Well, I am a musician (guitar, drums, some bass, a few other things...), and I have to say that this isn't quite accurate. Individual pieces will have central themes, hooks, or something similar (depending on the genre), but there's a big difference between a musical variation on a theme (which can be as much a part of the piece as the original theme itself) and the studying of the piece. I really don't know any learning of a musical piece that includes learning variations, unless they're a part of it already. When it comes to martial arts, though, variations become a natural part of the learning process, moving on from established base techniques, in some cases to further the understanding of those basics.



Edward F said:


> If you take all this as if we were talking MA you'll have a clear picture of what I am talking about, or in the words of the wise, but unorthodox, Mulah Nassr Eddin: "Any number of acrobatics has not half the value of a good kick in the groin".

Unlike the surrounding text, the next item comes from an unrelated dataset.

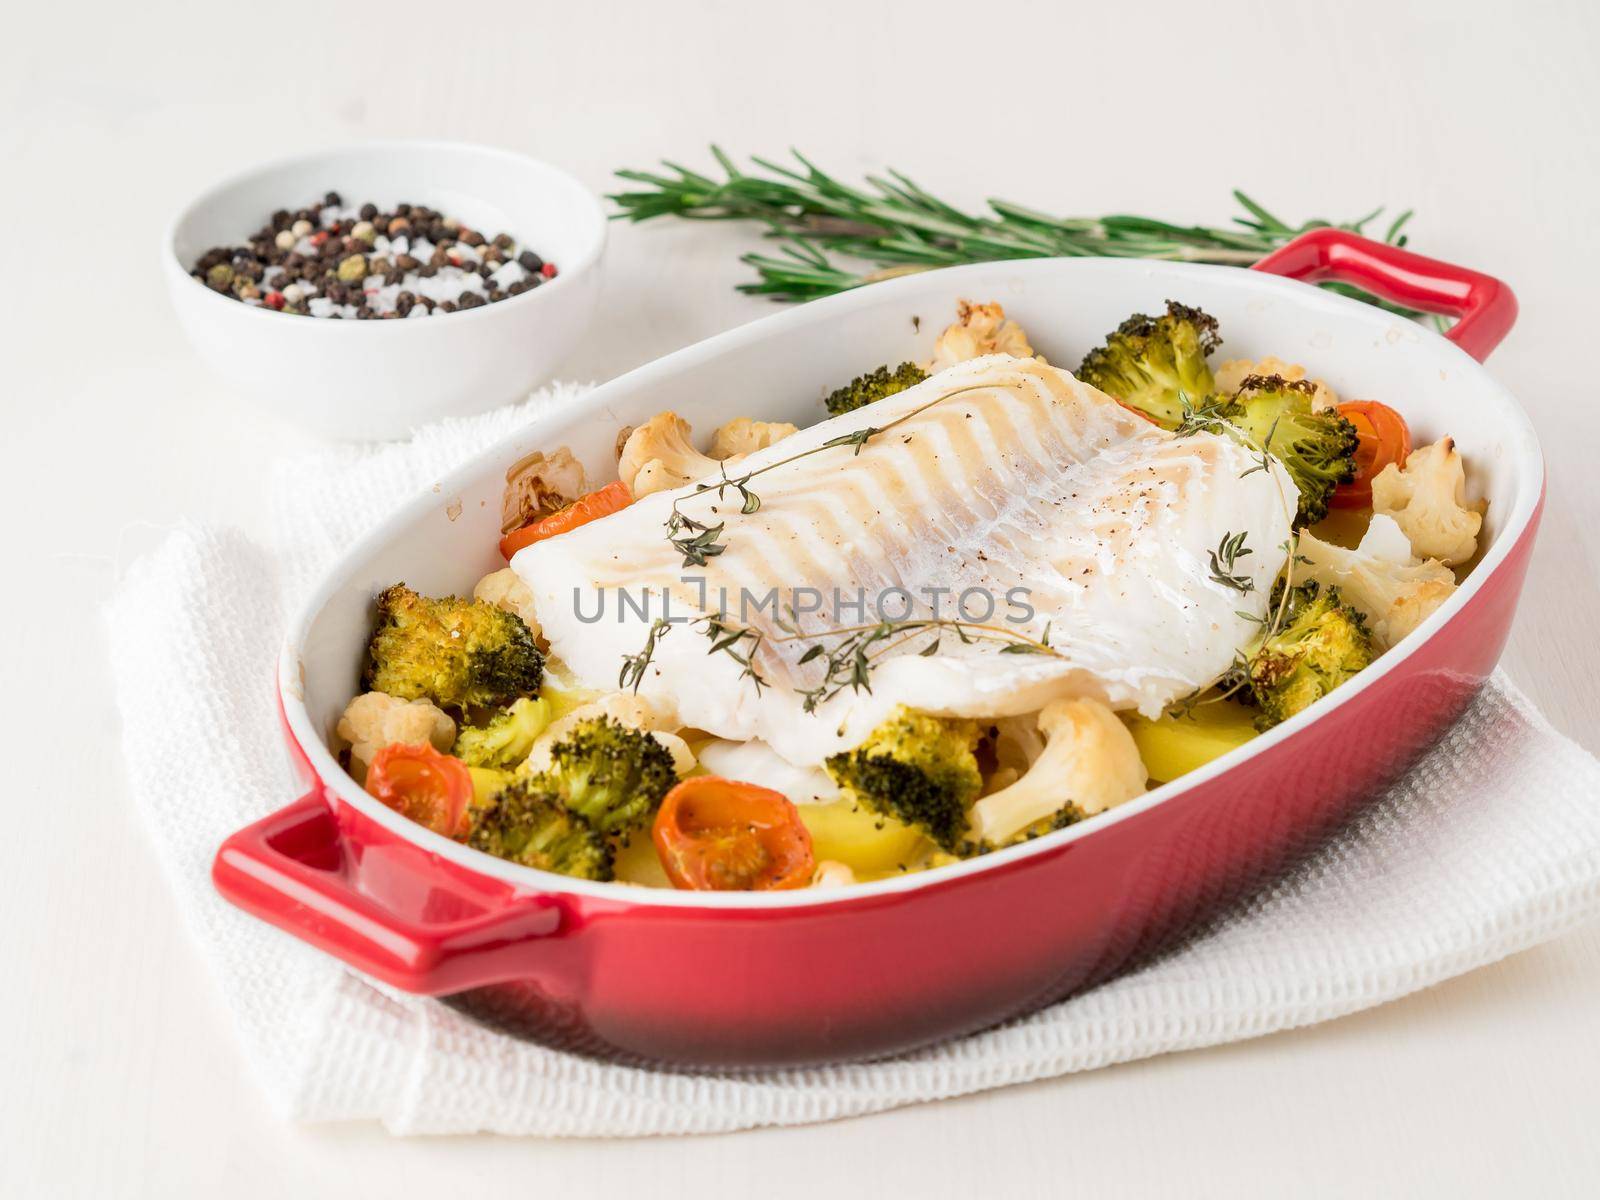 Fish cod baked in the oven with vegetables - healthy diet healthy food. Light white wooden background, side view. by NataBene

Hmm. Honestly I don't see there as much of a connection between your story and that quote. Are you trying to say that variation for variation sake isn't particularly helpful? If so, agreed, but that misses the point of the variation in the first place.



Edward F said:


> Though, I will repeat once more, is not that the arts have no structure at all, and I am pretty sure they were well structured in the beginning, the point here is that, the longer the time passes, the further an art distances from its original source. Misunderstandings or well meaning attempts to help can cause the complete mix of the order of an art, and though its ideal learning sequence could be, and surely was, well established, once the Founder dissappears the following masters start to change things, according to their personal point of view. Summarizing: though structure in the arts is doable and desirable, nowadays is far from being the norm in many schools.


 
Actually, that's backwards. Daito Ryu (in it's current form) was largely structured by Takeda Tokimune, Aikido was structured by Kisshomaru... when Ueshiba taught Aikido, he didn't name any techniques, or differentiate what he was doing, it was all just "aikido". The structure came later.

With regards to your last comment, structure in martial arts is the norm.  Honestly, there is no escaping this. Arts are taught in a structured form, starting from point one and going from there. If a particular instructor doesn't understand it, or utilise it, that's a problem, but each and every art I have ever come across is structured, specific, and makes sense (within their context). That's one of the big mistakes that Al keeps making.



Edward F said:


> I see that what I called silent classes has been misinterpreted. What I really meant is "exposition above explanation", and in no way I'm putting down my old school, nor would I enjoy hearing anyone doing so, which in no sense pretended to be something which was not.



Okay.



Edward F said:


> Concerning the fact of rankings, it is sad to see how it has degenerated away from its former purpose, with the advent of McDojos and such, and, in the best scenario, can only be indicative among students of the same teacher or some branches of the same art (Tomiki Aikido is geared towards competition so in fact, being the ranks a supposed measure of nononly technical aspects, we cannot hope its rank to equal those of, i.e. Manseikan Aikido, which emphasizes heavily the spiritual aspect and therefore, expects a different kind of development), and in no way, as some do, intercrossed from one art to another, or even among different styles of the same art.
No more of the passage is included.